The goal of the KJWA is to have these bodies work together to address issues related to agriculture, for example, through workshops and expert meetings. In fulfilling this agenda, the bodies must take into account the vulnerabilities of agriculture to climate change and approaches to addressing food security (see Art. 1 of Decision 4/CP.23)). This part of the mandate is of particular importance to developing country parties (non-Annex I countries).

In order for the KJWA to reach this goal, the COP Decision invited Parties and observers to submit their views on what should be included in the KJWA’s work. The Parties were invited to address issues such as adaptation, soil, livestock, and socio-economic and food security dimensions of climate change (see Arts. 2(a)-(f) of Decision 4/CP.23).

As of 3 May 2018, 20 Parties have made submissions. There are also 5 submissions from various United Nations organizations.

Answers

  1. The KJWA does not currently place any obligations on Parties themselves. They are not required to carry out any specific activities, regardless of whether they are Annex I or non-Annex I parties. The only obligation is for the two subsidiary bodies to report on the progress and outcomes of their work by November 2020.
  2. The KJWA does not explicitly differentiate between Annex I and non-Annex I Parties. However, it does ensure that the KJWA’s work is informed by food security concerns and the vulnerabilities of the agriculture sector. In their submissions, numerous Parties have addressed the issues of “food security” and “vulnerabilities” as it pertains to their own countries. They have also expressed their own views on how those issues should be addressed in the KJWA’s work.

At this point in time, it is impossible to predict how the KJWA will eventually distinguish between Parties. However, based on the submissions of Parties there appears to be a trend to focus the work on (non-Annex I) developing country party concerns.

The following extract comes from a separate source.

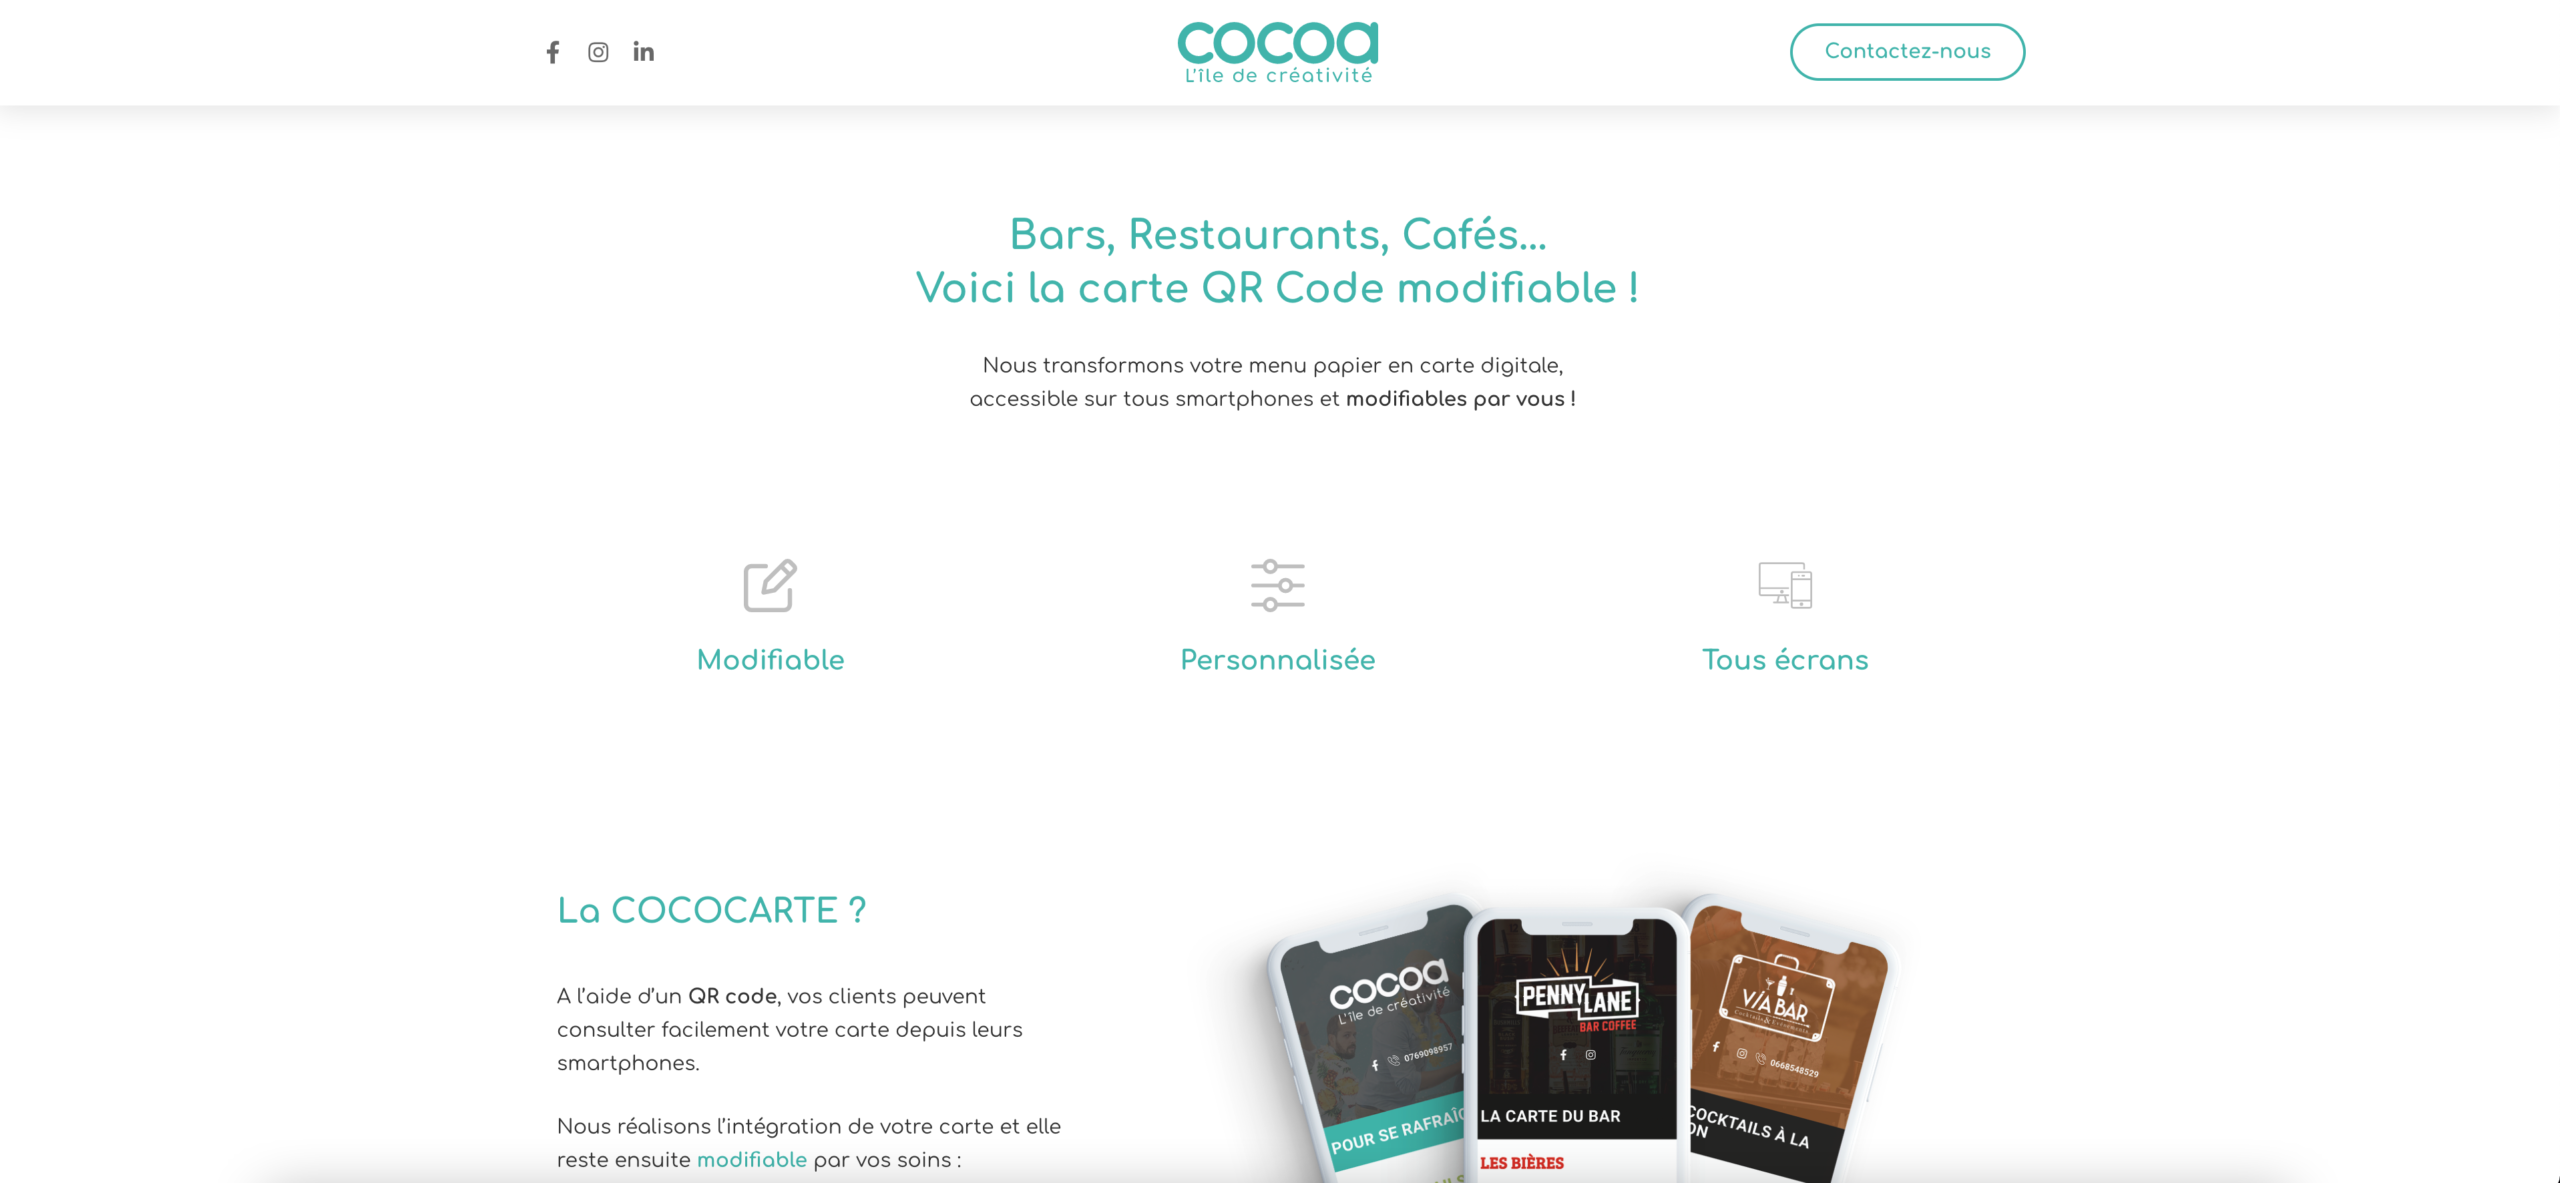 Cocoa l'île de la créativité : Agence de communication à Lille | Site web

While the link between the needs of developing countries and the issues of food security, vulnerability, and socio-economic considerations are not always made out explicitly, it is clear that these issues, and specifically as they relate to developing countries, feature prominently in the parties’ submissions.

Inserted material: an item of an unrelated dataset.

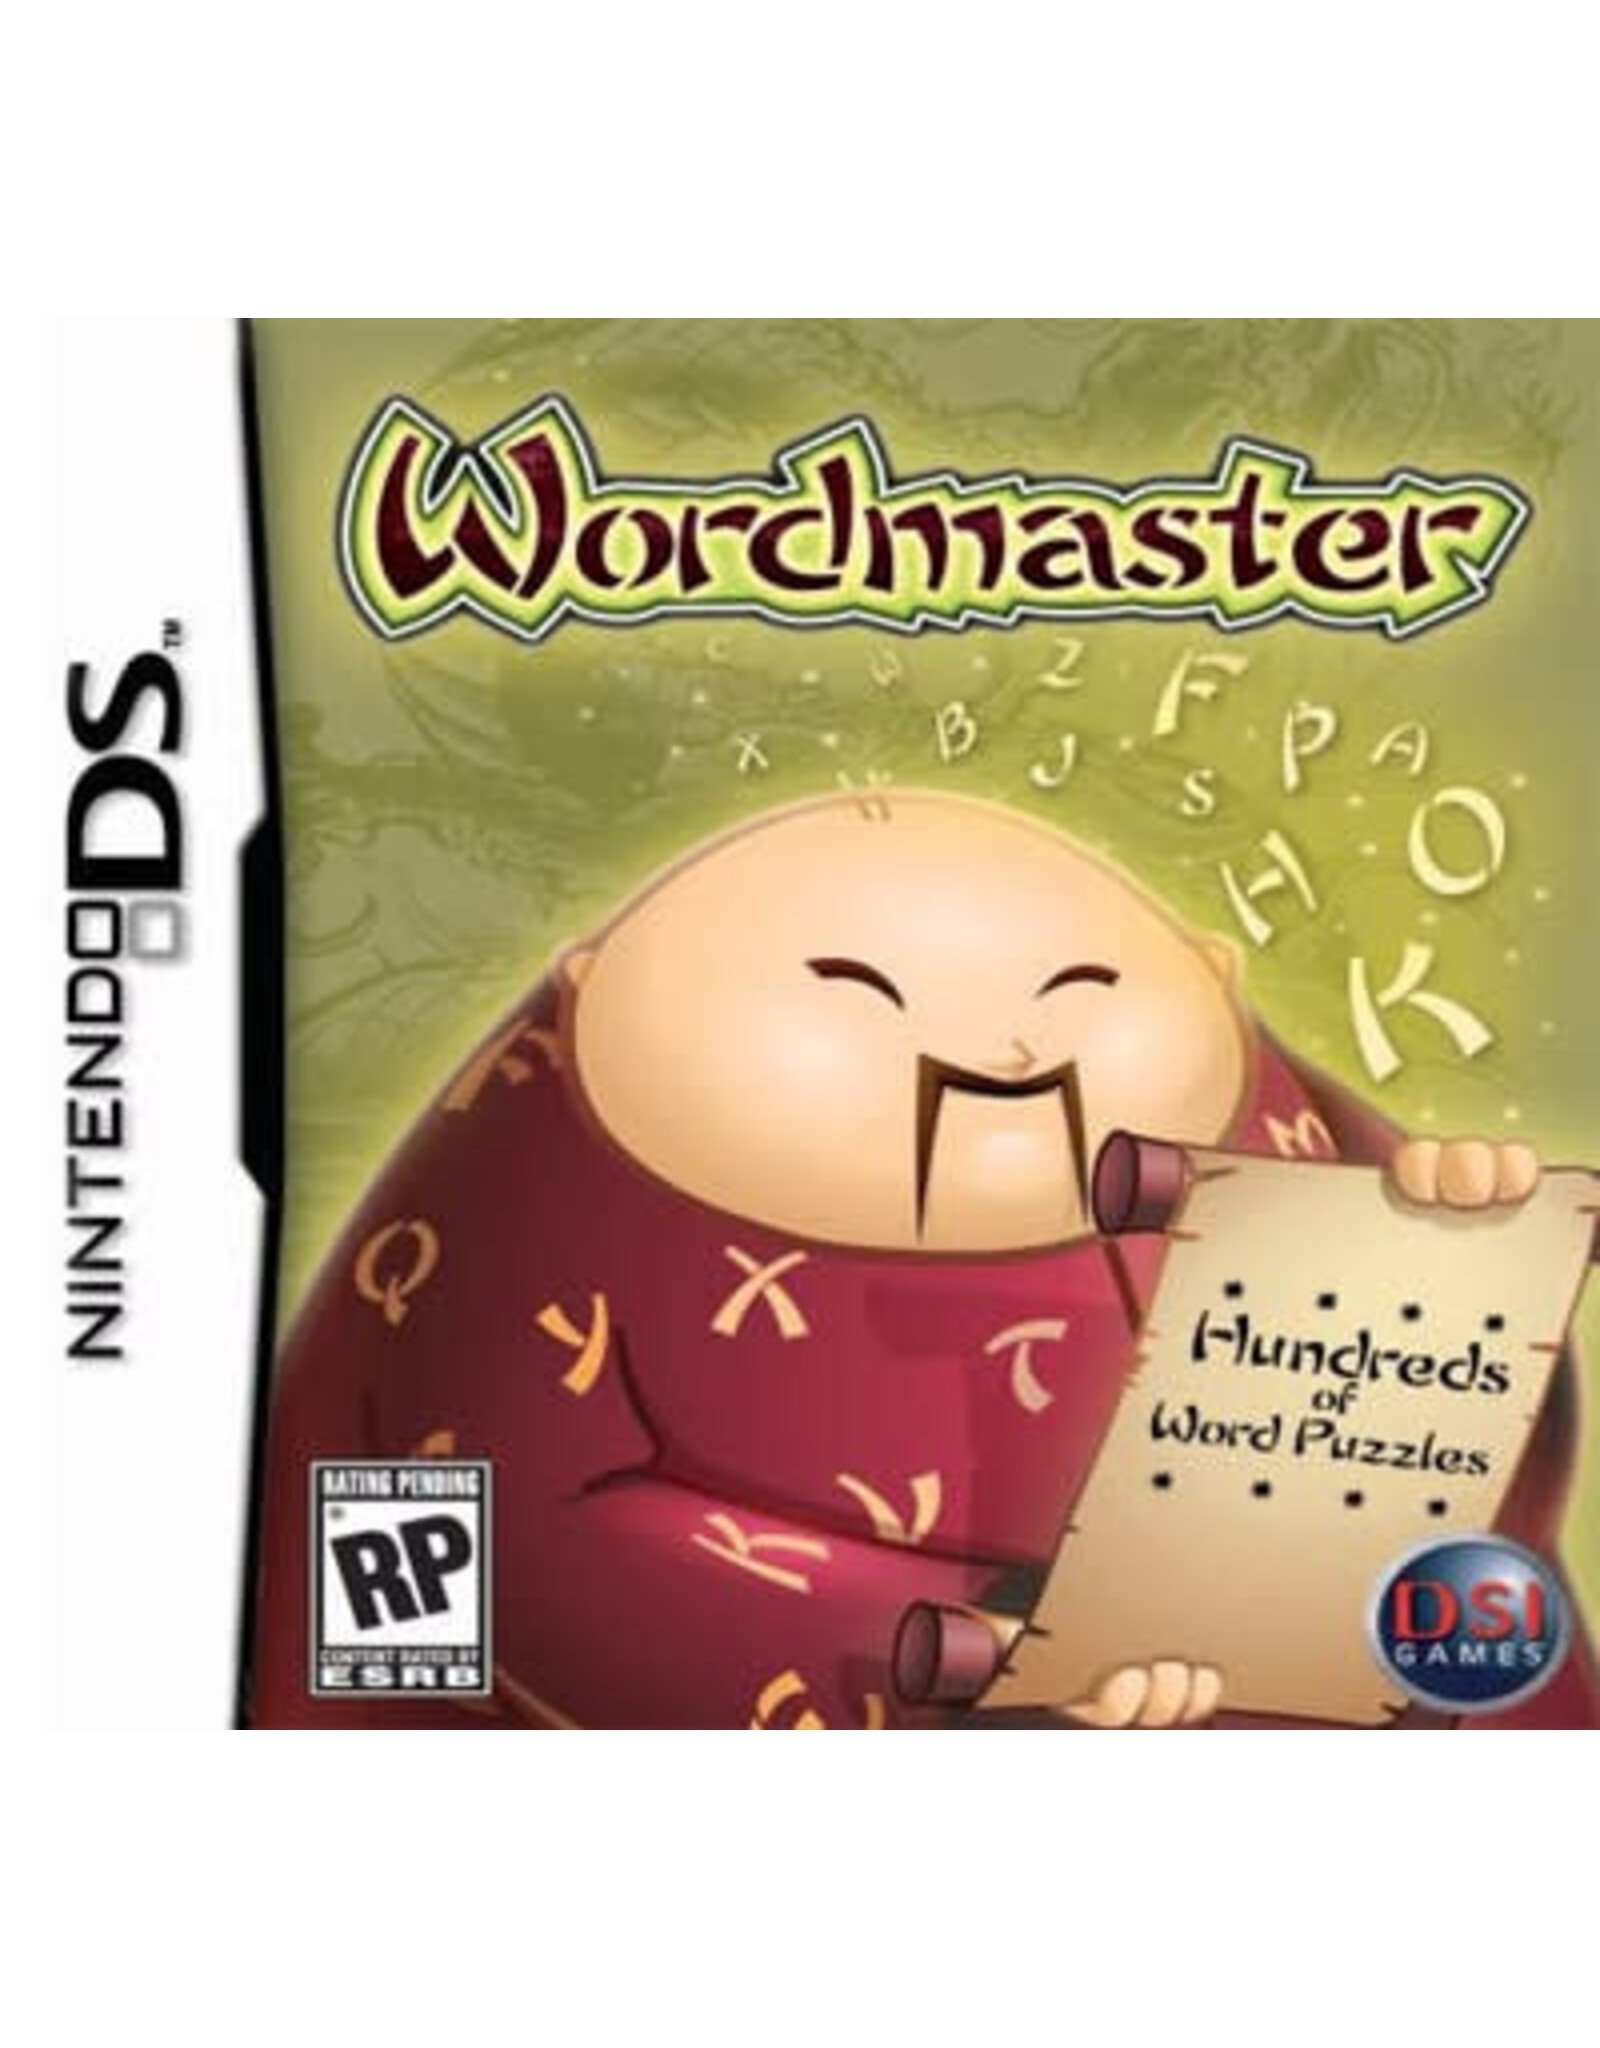 Nintendo DS Wordmaster (CiB)

Many countries begin their submissions (e.g. Kenya, Argentina) by highlighting their country’s dependence on the agricultural industry, particularly in poor and rural areas, and how they are particularly vulnerable to climate change. Almost all submissions (15: Australia, Bangladesh, Benin, Brazil, Burundi, China, India, Indonesia, Japan, Philippines, United States of America, Viet Nam, AGN, EU, LDCs) refer to the socioeconomic and food security dimensions of climate change in their agricultural sectors.[1]

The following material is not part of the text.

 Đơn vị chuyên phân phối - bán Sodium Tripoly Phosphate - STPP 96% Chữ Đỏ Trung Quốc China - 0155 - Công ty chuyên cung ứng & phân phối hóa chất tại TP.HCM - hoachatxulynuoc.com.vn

The EU, for its part, states that food security should have a “prominent role” in discussions that take place under KJWA, and specifically mentions the interests of women, children, and the poor: all work needs to consider the vulnerabilities of agriculture to climate change and the approaches to addressing food security (page 2 of the EU submission).

Non-Annex I countries, have emphasized the need to enhance research and scientific knowledge pertaining to crops, livestock, and fisheries, particularly for developing countries.[2] Similar views were also discussed in the submissions of Malawi and Kenya. Malawi, for instance, stated that the KJWA should aim to build adaptive capacity and reliance, particularly among vulnerable populations, including small-scale food producers and women (page 7 of Malawi’s Submission). It notes that within the context of agriculture, insufficient consideration has been given to how inequality shapes access to resources for productive and sustainable livelihoods and highlighted how climate change will increase inequalities for access to nutritious food. Finally, it argues that food security should encompass well-being, health and nutrition, and not just be seen as a matter of livelihoods.

Consistent with this theme, Egypt (on behalf of the African Group of Negotiators – AGN) calls on the KJWA to consider the impact of climate change-reduction efforts on agriculture exports from Africa specifically, in addition to measures that could be taken to contain such impacts.

So, while the traditional differentiation between Annex I and non-Annex I is not explicitly rejected, substantive criteria such as food insecurity or the vulnerability of agriculture are likely to play a far more important role in determining Parties’ roles in the future.

In their submissions Annex I countries have not offered financial resources to support the KJWA’s work. Several Annex I Countries (Australia, Japan, New Zealand, United States) have provided submissions where they detail “good or best practices” taking place in their own countries as it relates to livestock or soil, for instance. But it appears that none have offered further resources beyond this knowledge-sharing.

New Zealand, for its part, noted that it had initiated the Global Research Alliance on Agricultural Greenhouse Gases – this alliance was created several years ago as a response to global challenges relating to agriculture, and includes over 29 developing countries and 20 developing countries. New Zealand proposed that KJWA consider the Global Research Alliance’s wealth of knowledge – but it does not appear that any collaboration has been extended beyond that.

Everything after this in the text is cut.